Claude Prompt Caching API Guide
Prompt caching lets you cache repeated portions of your prompts so the API reads them from cache instead of reprocessing. Cache reads cost 10% of the base input token price. This guide shows you how to implement it.
Quick Fix
Add one line to enable automatic caching:
import anthropic
client = anthropic.Anthropic()
response = client.messages.create(
model="claude-sonnet-4-6",
max_tokens=1024,
cache_control={"type": "ephemeral"}, # Enable automatic caching
system="Your large system prompt here...",
messages=[{"role": "user", "content": "Question?"}]
)
What You Need
- Anthropic Python or TypeScript SDK
- A prompt with cacheable content that exceeds the model’s minimum token threshold
Full Solution
Method 1: Automatic Caching (Recommended)
Add cache_control at the top level. The system automatically places the breakpoint on the last cacheable block:
import anthropic
client = anthropic.Anthropic()
# Large system prompt that benefits from caching
SYSTEM_PROMPT = """You are a legal expert.

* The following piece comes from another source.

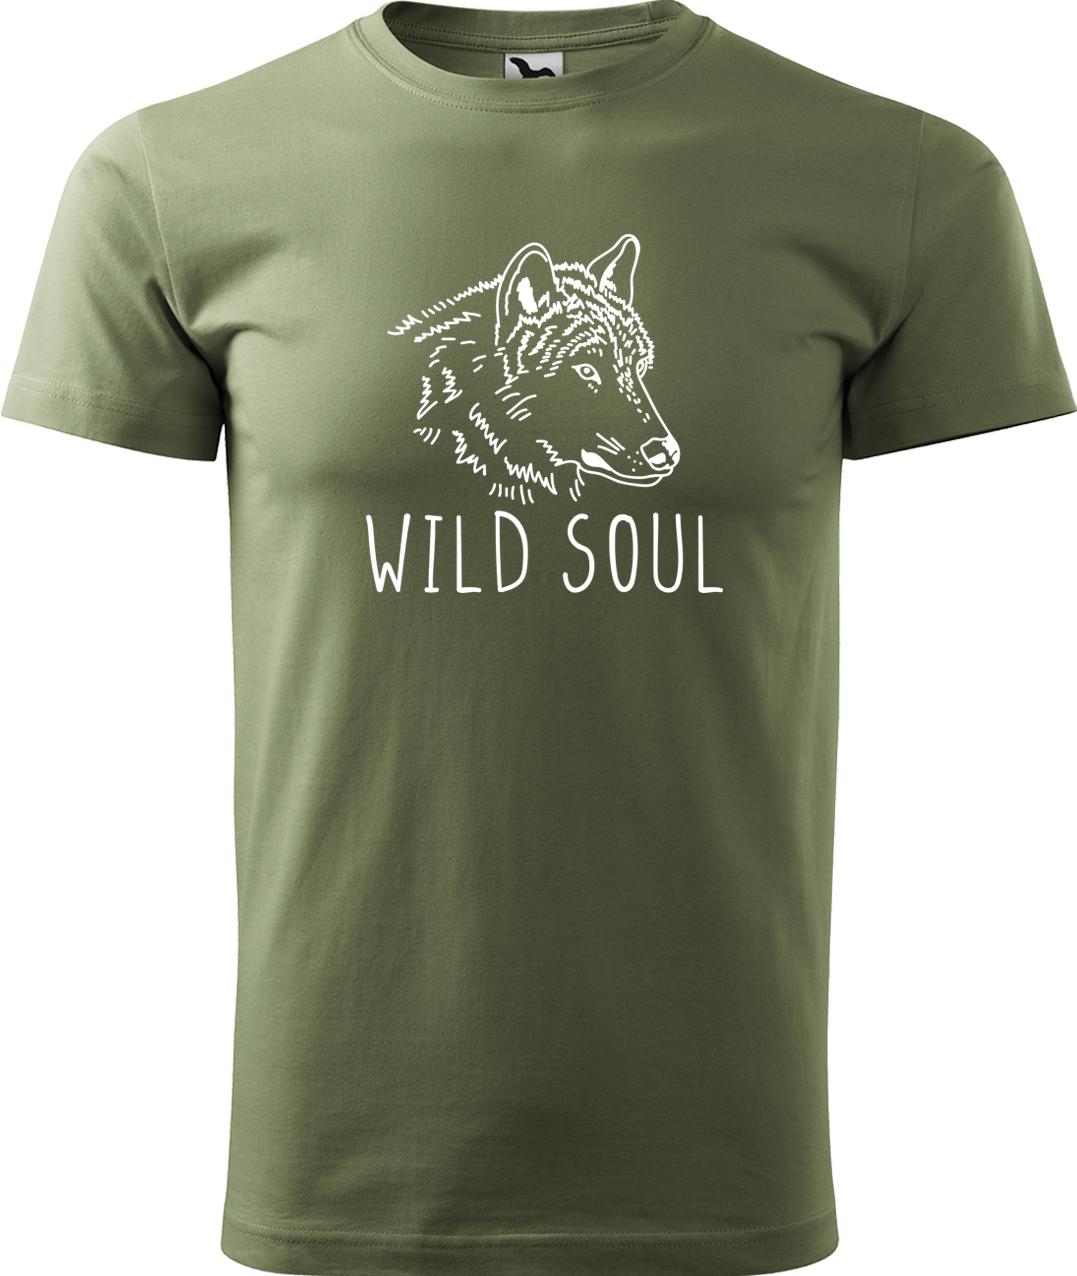 Pánské tričko s vlkem - Wild soul Velikost: S, Barva: Světlá khaki (28), Střih: pánský

Here is the full text of the contract...
[Insert 4000+ tokens of contract text here]
"""
# First request: creates the cache
response1 = client.messages.create(
model="claude-opus-4-6",
max_tokens=1024,
cache_control={"type": "ephemeral"},
system=SYSTEM_PROMPT,
messages=[{"role": "user", "content": "What are the termination clauses?"}]
)
print(f"Cache created: {response1.usage.cache_creation_input_tokens} tokens")
# Second request: reads from cache (10% cost)

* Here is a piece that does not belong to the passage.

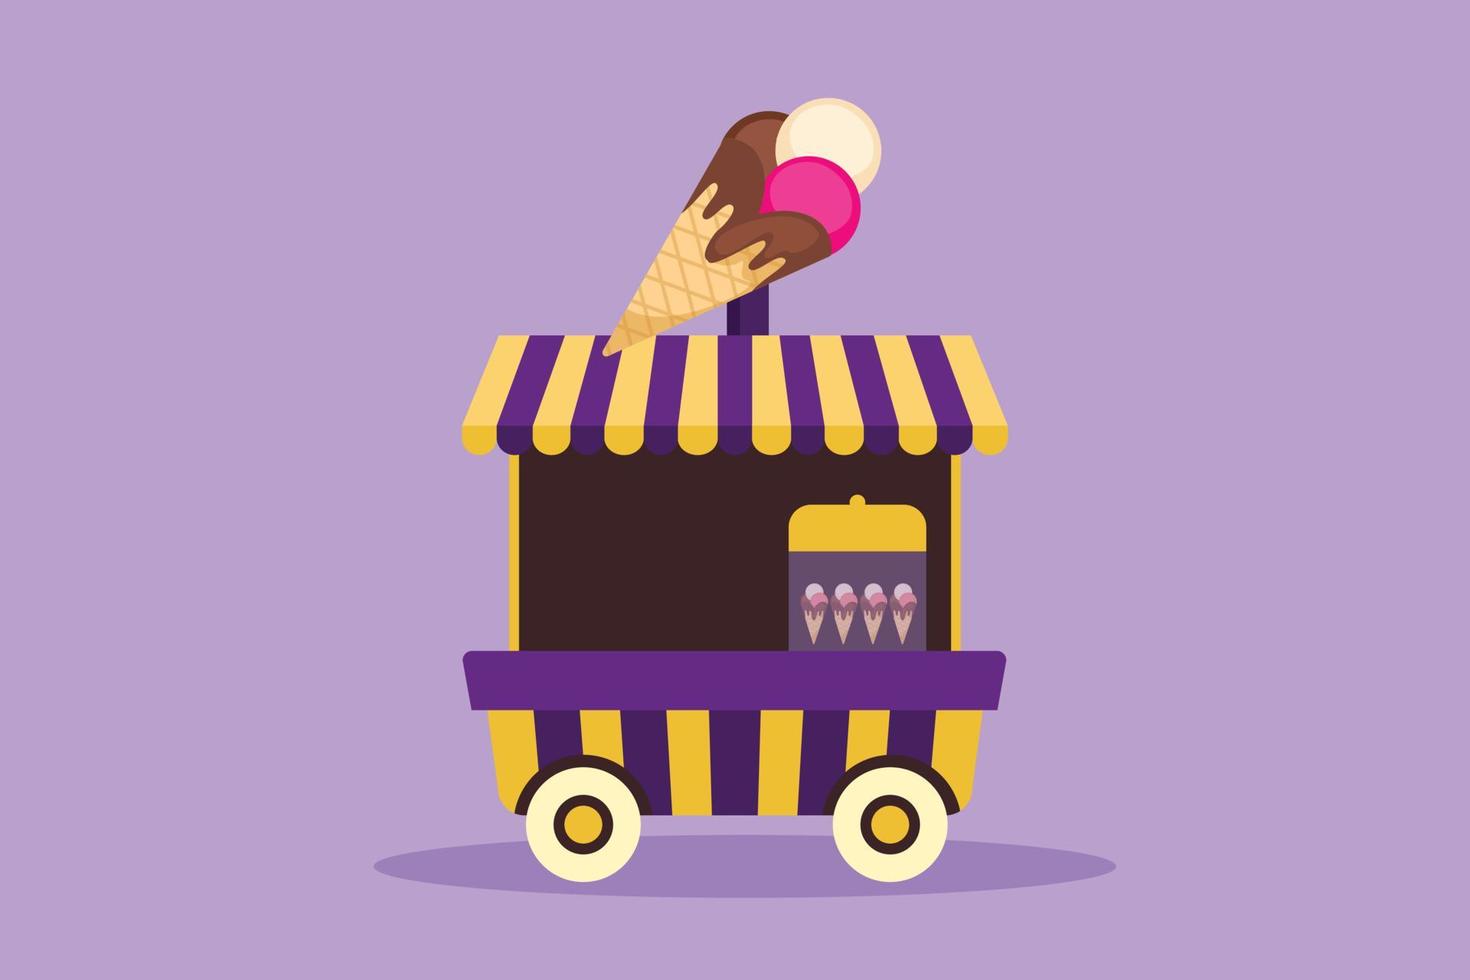 cabina de helado de dibujo de estilo plano de dibujos animados en el parque de diversiones usando un carro de dos ruedas con un logo de helado. comida dulce y muy sabrosa. pequeña empresa exitosa. ilustración vectorial de diseño gráfico vector

response2 = client.messages.create(
model="claude-opus-4-6",
max_tokens=1024,
cache_control={"type": "ephemeral"},
system=SYSTEM_PROMPT,
messages=[{"role": "user", "content": "What is the payment schedule?"}]
)
print(f"Cache hit: {response2.usage.cache_read_input_tokens} tokens")
Method 2: Explicit Cache Breakpoints
Place cache_control on specific content blocks for precise control. Up to 4 breakpoints per request:
import anthropic
client = anthropic.Anthropic()
response = client.messages.create(
model="claude-sonnet-4-6",
max_tokens=1024,
system=[
{
"type": "text",
"text": "You are a legal expert...[large prompt]...",
"cache_control": {"type": "ephemeral"} # Breakpoint 1
}
],
messages=[
{
"role": "user",
"content": [
{
"type": "text",
"text": "[Large document to analyze]...",
"cache_control": {"type": "ephemeral"} # Breakpoint 2
}
]
}
]
)
Cache Lifetime Options
Choose between 5-minute and 1-hour cache durations:
# Default: 5-minute cache (1.25x base input to write, 0.1x to read)
response = client.messages.create(
model="claude-sonnet-4-6",
max_tokens=1024,
cache_control={"type": "ephemeral"},
system="...",
messages=[...]
)
# 1-hour cache (2x base input to write, 0.1x to read)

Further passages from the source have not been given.